Fitting Experimental Data with Mathematica
by Ian Brooks
 | Download
this example as a Mathematica notebook. |
Introduction
Analysis of biomedical data usually involves fitting the measured data to a model in order
to make some predictions about the system under investigation. Choosing the right
approach to experimental curve fitting is important if you are to get good results.
Sometimes it may be sufficient to use an interpolation method, but often it will be
necessary to use nonlinear fitting and all of its associated diagnostic statistics.
For example, kinetic data may be fit to a Michaelis-Menten model in order to gain
insight into the efficiency of an enzyme, or data from a baseline control experiment
may be fit to a quadratic in order to predict the correction necessary for the full
experiment. While these two examples may seem very similar, they are in fact very
different, and it is important to understand how the differences affect the analysis.
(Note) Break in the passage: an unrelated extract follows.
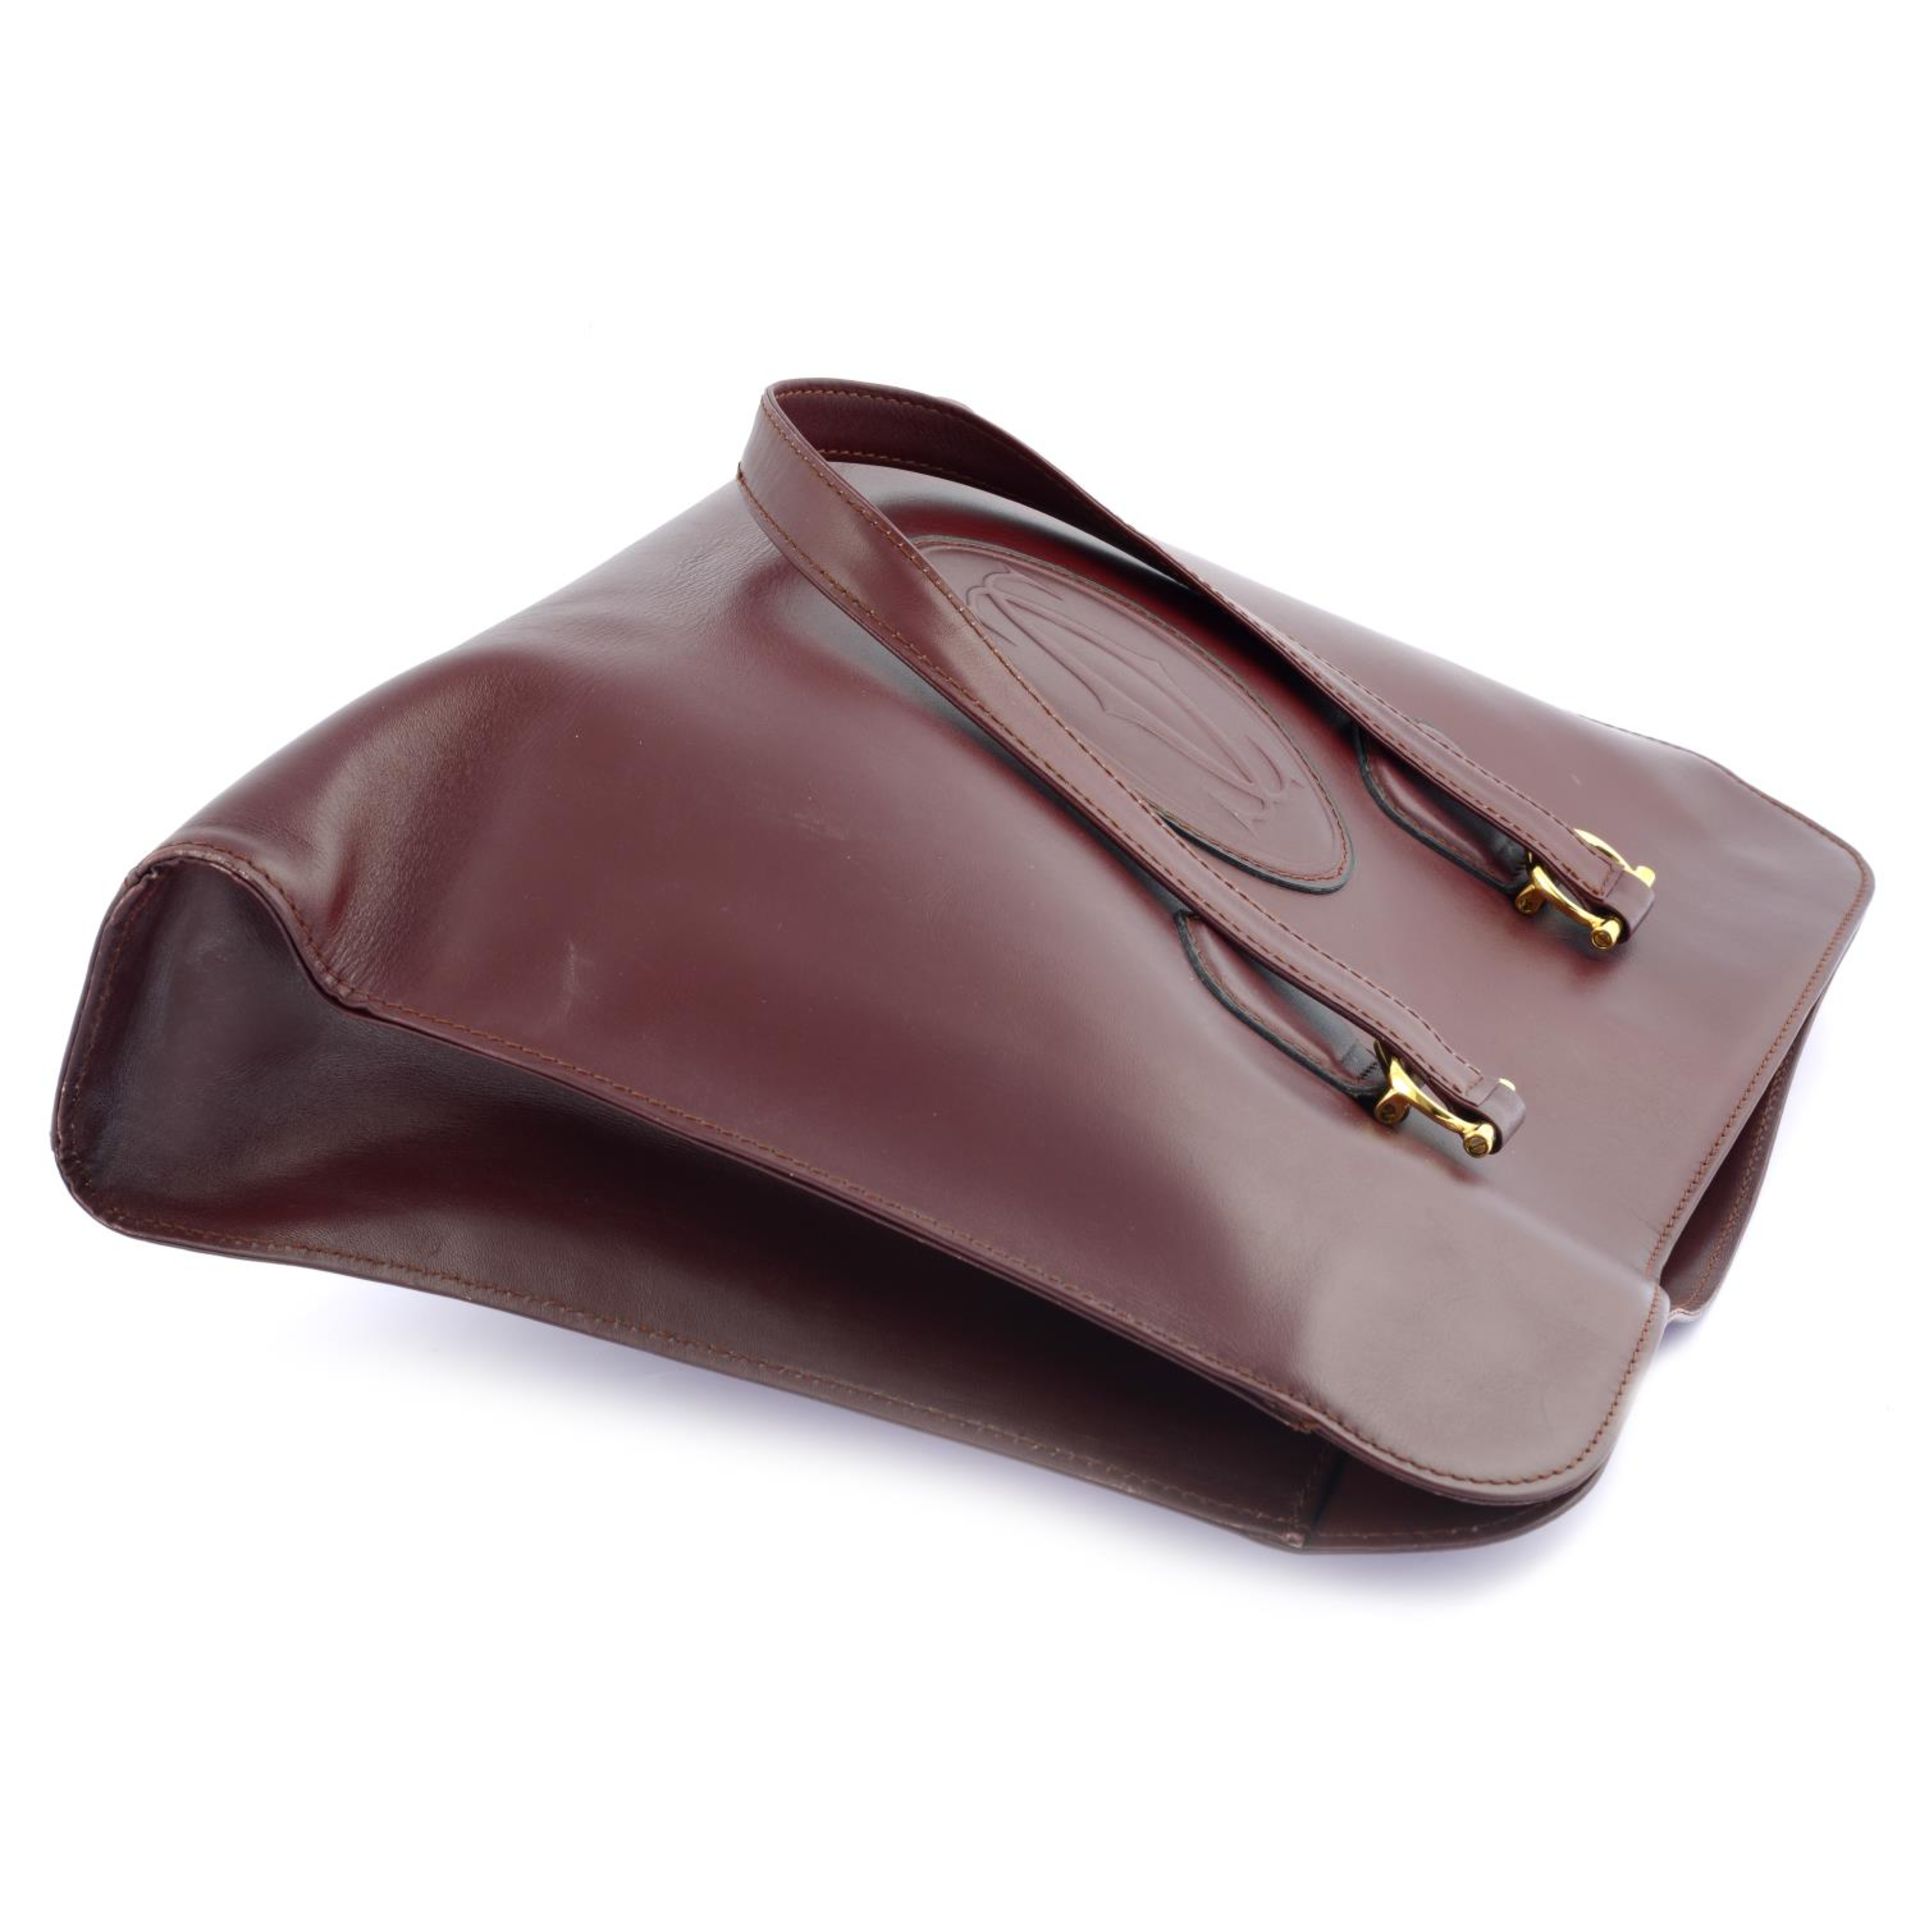 CARTIER - a burgundy leather Vintage Shopper handbag. - Bild 3 aus 4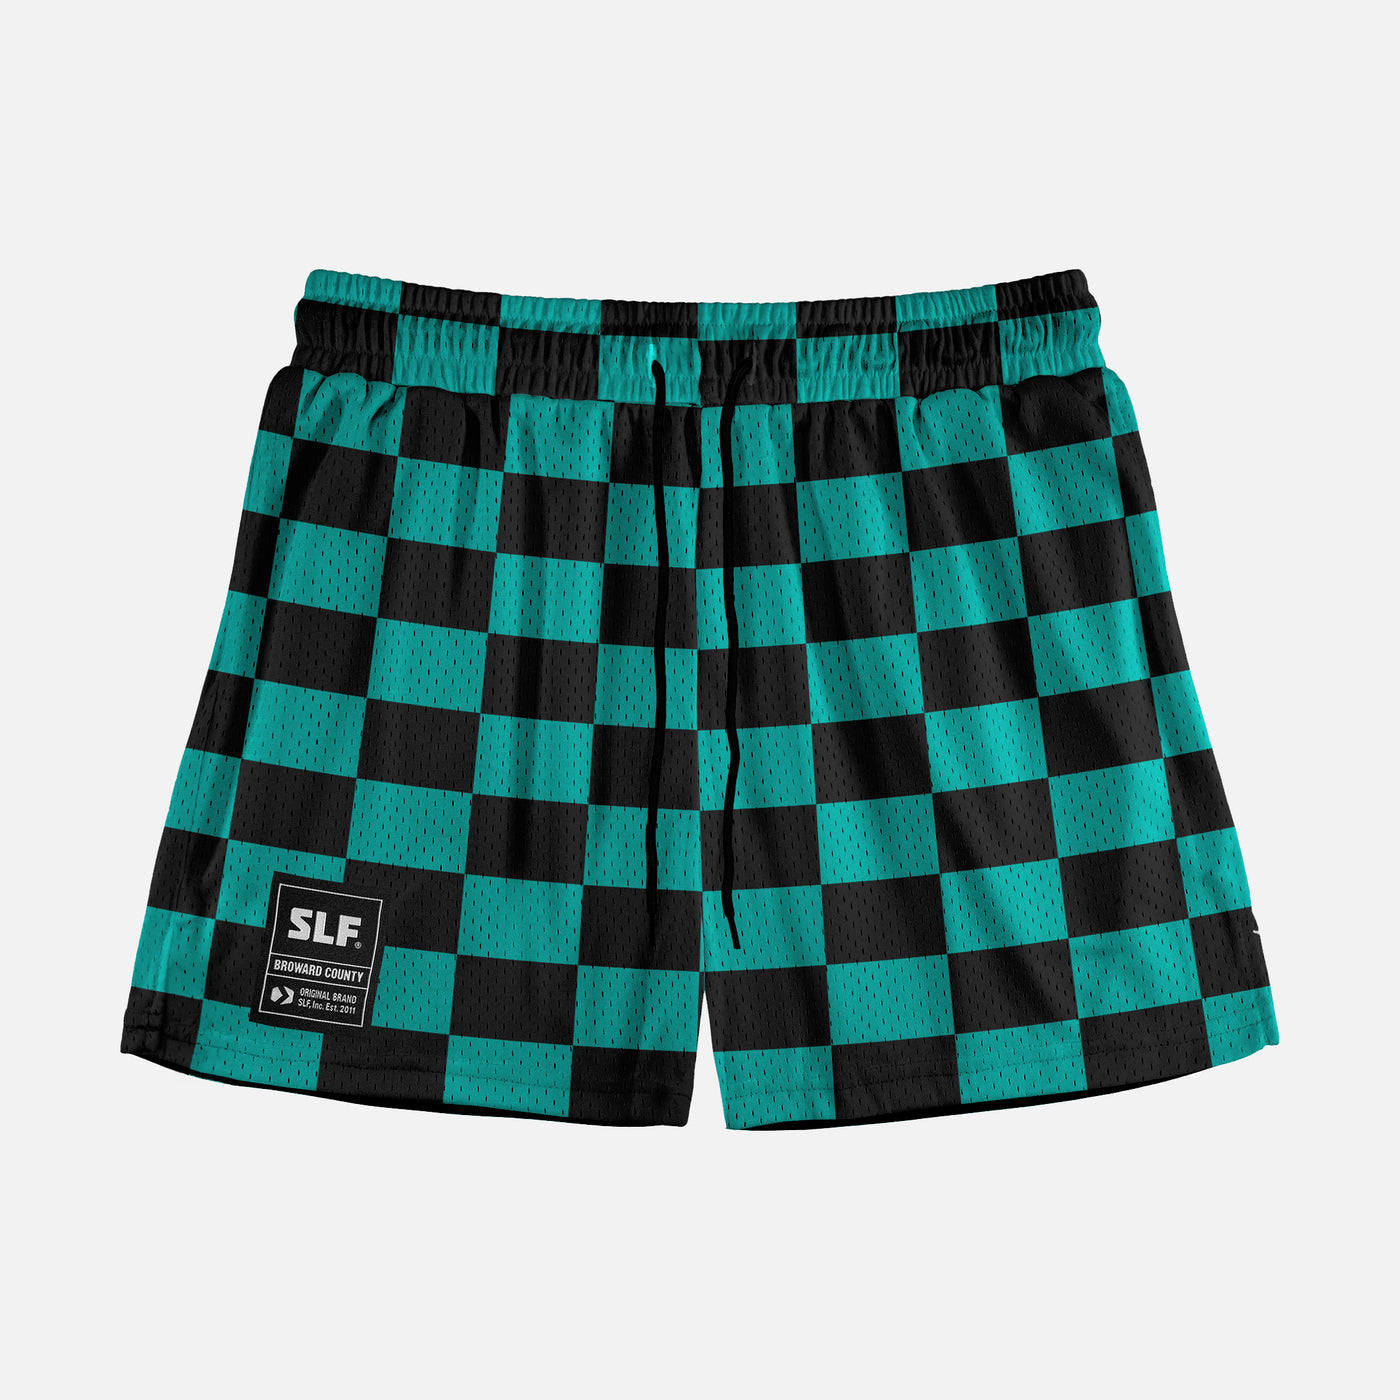 Checkered Teal Black White Shorts - 5"

These differences lead to different procedures for performing the fit and to differences
in the degree of care that must be taken to ensure good results. Another difference is
that in the case of the Michaelis-Menten example each of the parameters being determined
has a definite biological significance, while there is no biological significance to the
parameters in the quadratic case. Clearly it is critical to check the determined
parameters for physical reality, good confidence intervals, and so on if they are
expected to have biological significance, but it is unimportant if you just want an
approximate curve. The biggest difference though is that the Michaelis-Menten
example is a nonlinear model, while the quadratic example is a mathematically
linear model.
Linear or Nonlinear?
If you have to do a full curve fit, the critical question becomes whether a model is
linear or nonlinear. Unfortunately, this is not always immediately obvious (although,
as a general rule of thumb, biology is nonlinear). A nonlinear model can be defined as
one in which at least one of the partial derivatives of the model with respect to its
parameters includes at least one of the parameters. Use of the symbolic capabilities
of Mathematica allows the determination of linearity to be done quickly without
having to remember any calculus. (See Figure 1.)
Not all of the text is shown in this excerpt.